Like most of the doctors and nurses in SIDU-2, Alaniz starts talking about her time in the unit matter of factly. Like most of her comrades, if you ask her to reflect on her time there, her voice cracks and you can almost hear the tears start to well up behind her face shield.
It’s not hard to see why.
Every breath those patients in ICU takes seems like a minor miracle. You watch them, wondering if that breath might be the last one, if their chest might stop moving and some alarm might start beeping and nurses and doctors will gather around them growing increasingly frantic, like they did Monday afternoon.
Hundreds of doctors and nurses do look at them, daily. They care for them and work for them and try to preserve some shred of dignity for them in what is by necessity a not very dignified situation.
It is no small task.
“I just have to take a step back and take a deep breath and remember why I became a nurse,” Alaniz said.

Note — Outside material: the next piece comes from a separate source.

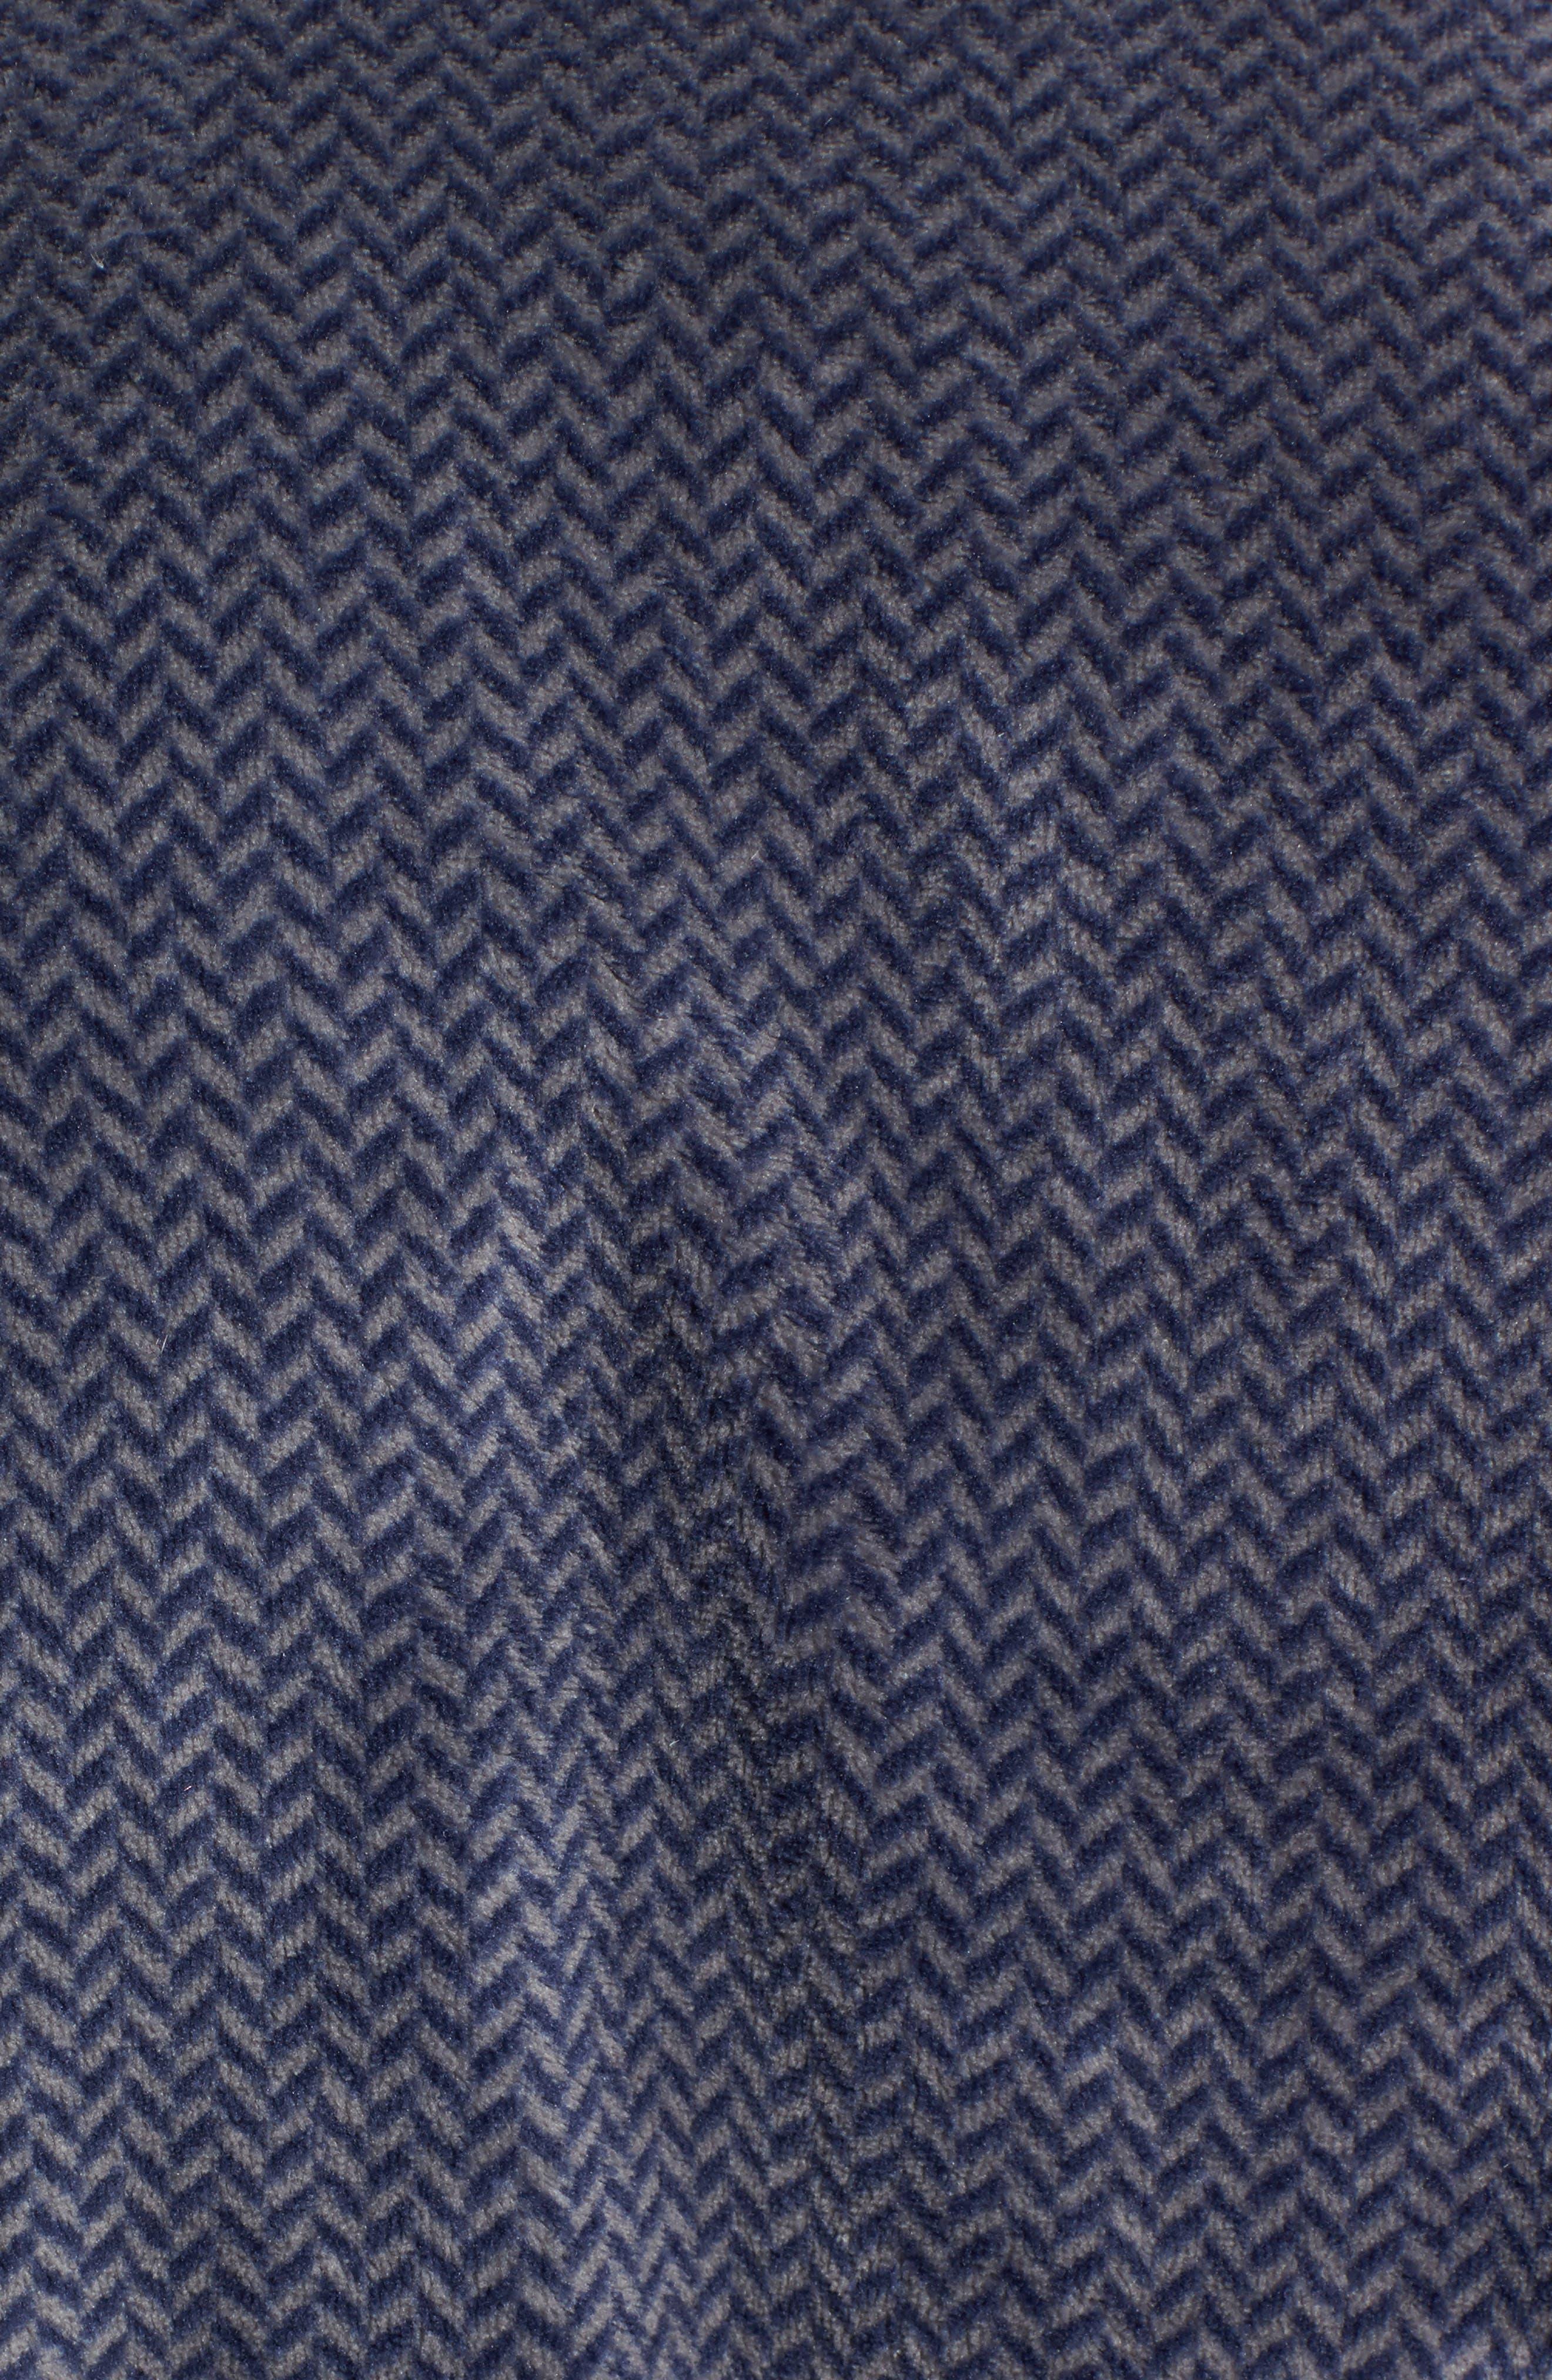 Herringbone Fleece Robe,                             Alternate thumbnail 6, color,                             Navy Indigo- Grey Herringbone

Dr. Ephraim Vela, OBGYN and chief executive physician for women’s health, compares doctors and nurses coping with the pandemic to soldiers coping with war.

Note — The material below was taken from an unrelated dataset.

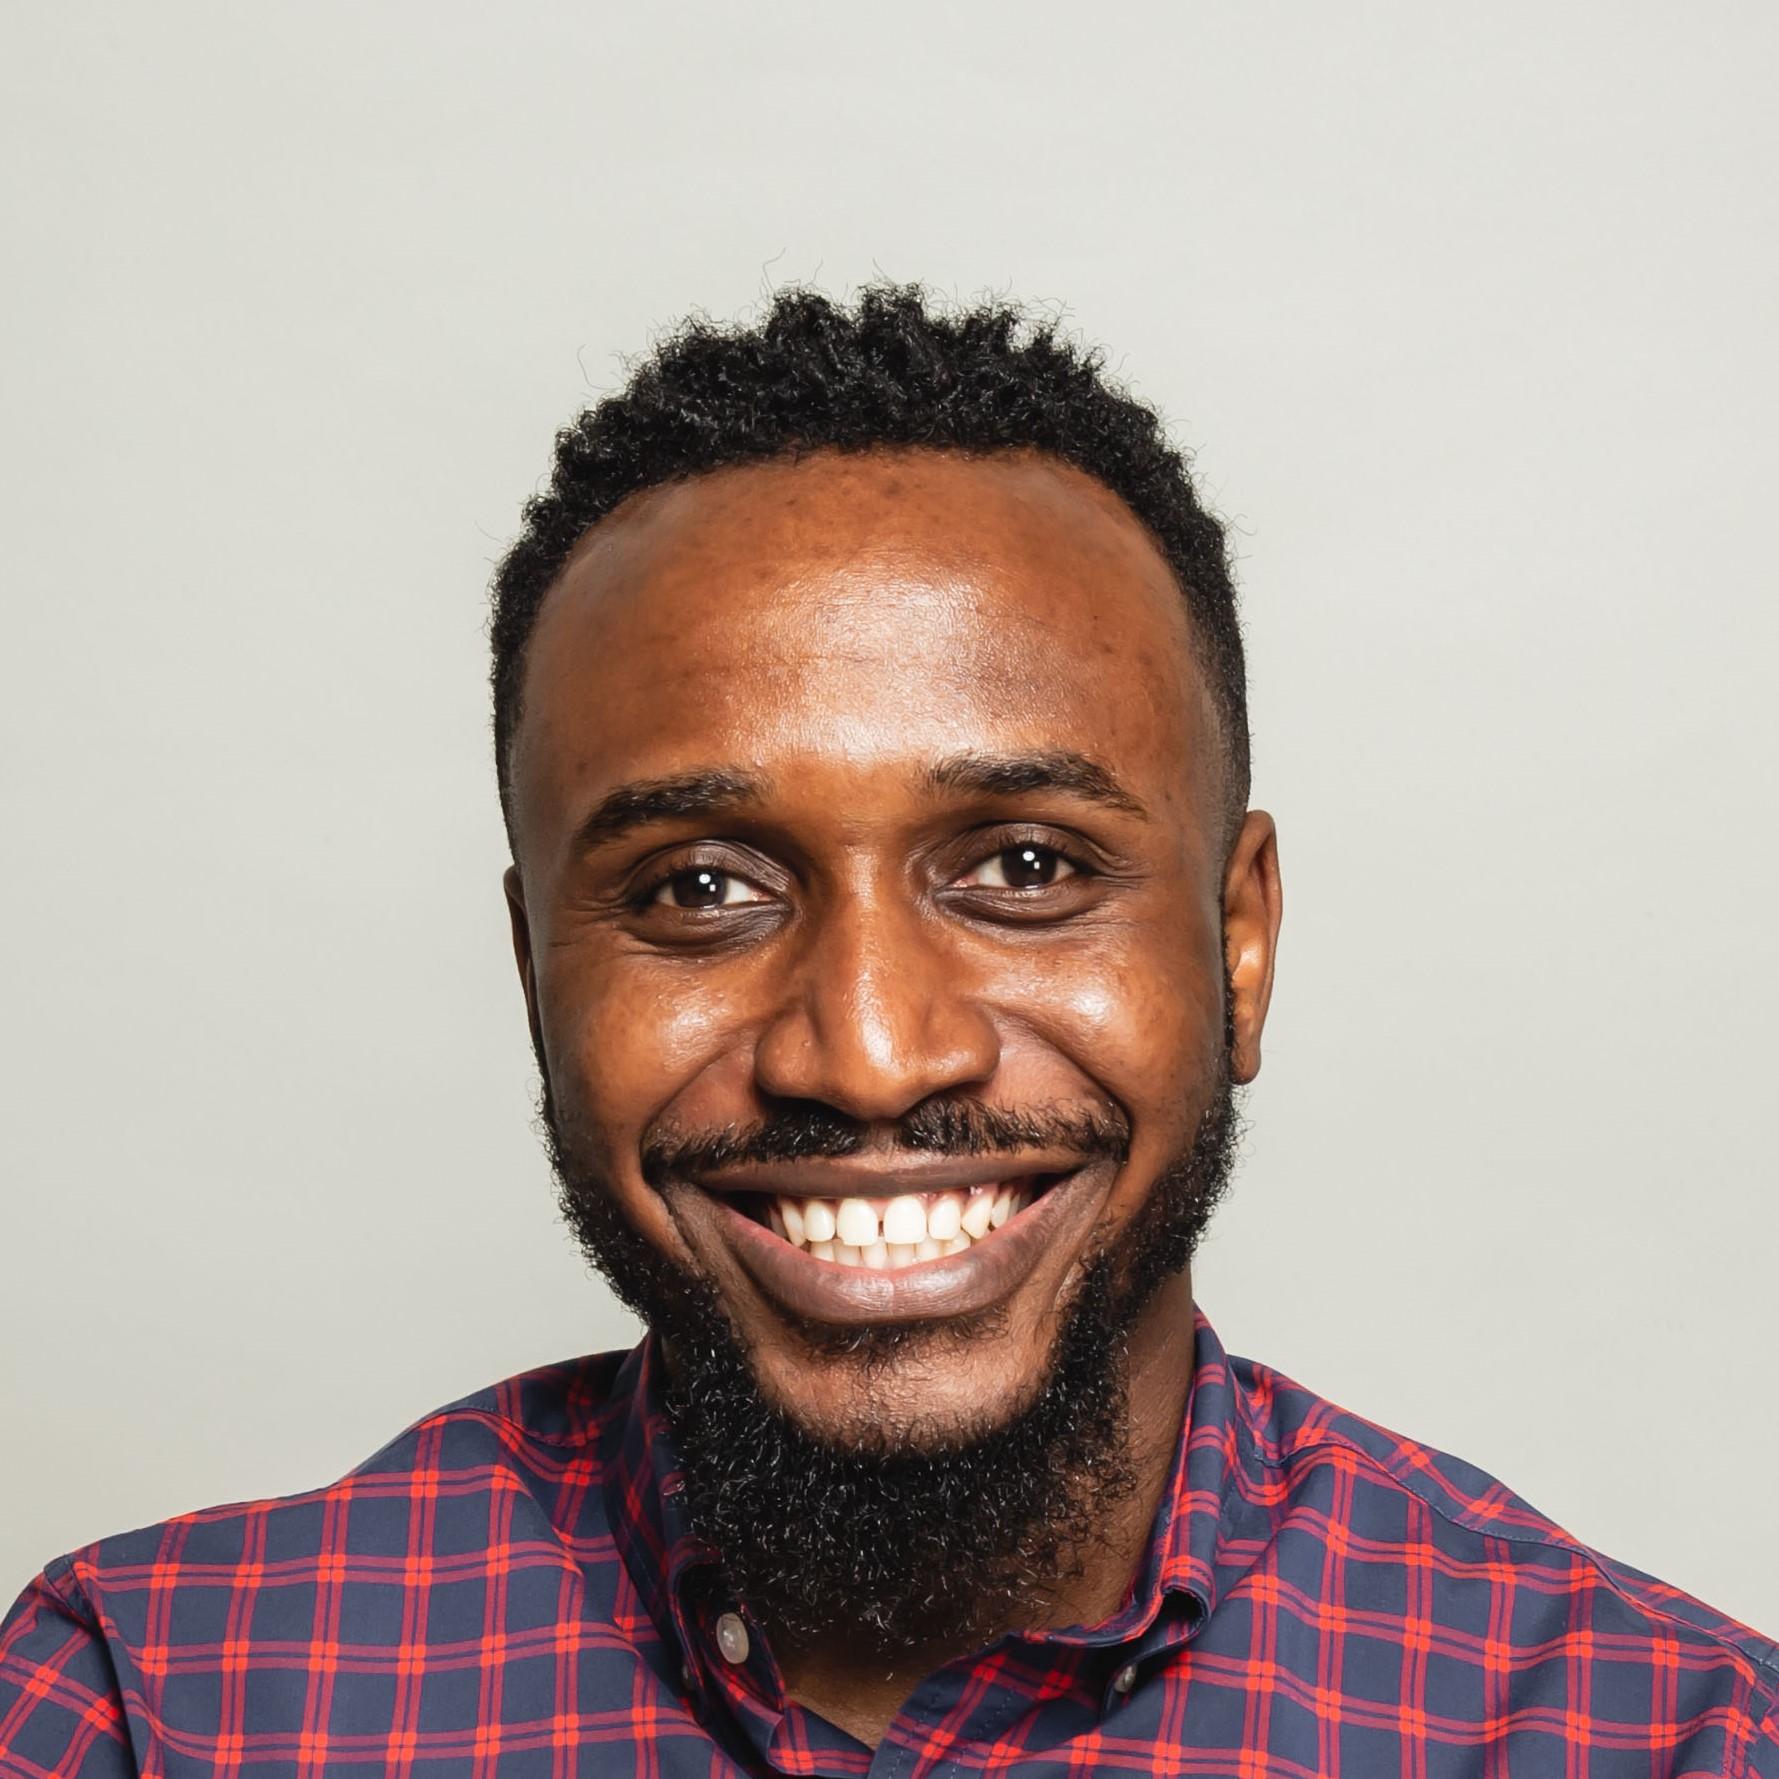 Diversity Training Facilitator Jeffrey Wotherspoon

“Ask the guy who goes to Afghanistan and who does tour after tour after tour,” he said.
Compared to many of the nurses and doctors in DHR Health’s COVID-19 units, Vela is an old campaigner. He and Forse both were in the trenches a decade ago during the AIDS epidemic.
“When I was a resident, we had to take care of the AIDS patients,” Vela said.
Vela, like every other doctor and nurse fighting the pandemic, has sacrificed for the cause. He lives next to his kids and grandkids, but because of his proximity to COVID-19 patients, he can’t be with them.
The best he can do is look out his window at them while they’re swimming in his pool.
“I know that if they got sick, who’s going to get them sick?” he said. “Me.”
He doesn’t know when he’ll be able to be with them again.
“Hopefully by Christmas,” he said.
“The incident command center and the modeling says that it’s going to peak sometime down here in October, that’s what the modeling says,” Dr. Forse said.
The tragedy of SIDU-2 is that patients can be treated and can recover, but they can’t be cured. The tragedy of every COVID-19 unit in the Valley is that no matter how much work medical staff do in the unit, they can’t cure the pandemic.
“There’s only so much we can do with all this,” Vela said.
Like any major war America has ever fought, they say this one will be won or lost on the homefront.
“Masks, social distancing, wash your hands. The three golden rules, these are like the new golden rules,” Forse said.
Until then, they say, those nurses and doctors will slog on.
Monitor Staff Writer Berenice Garcia contributed to this report.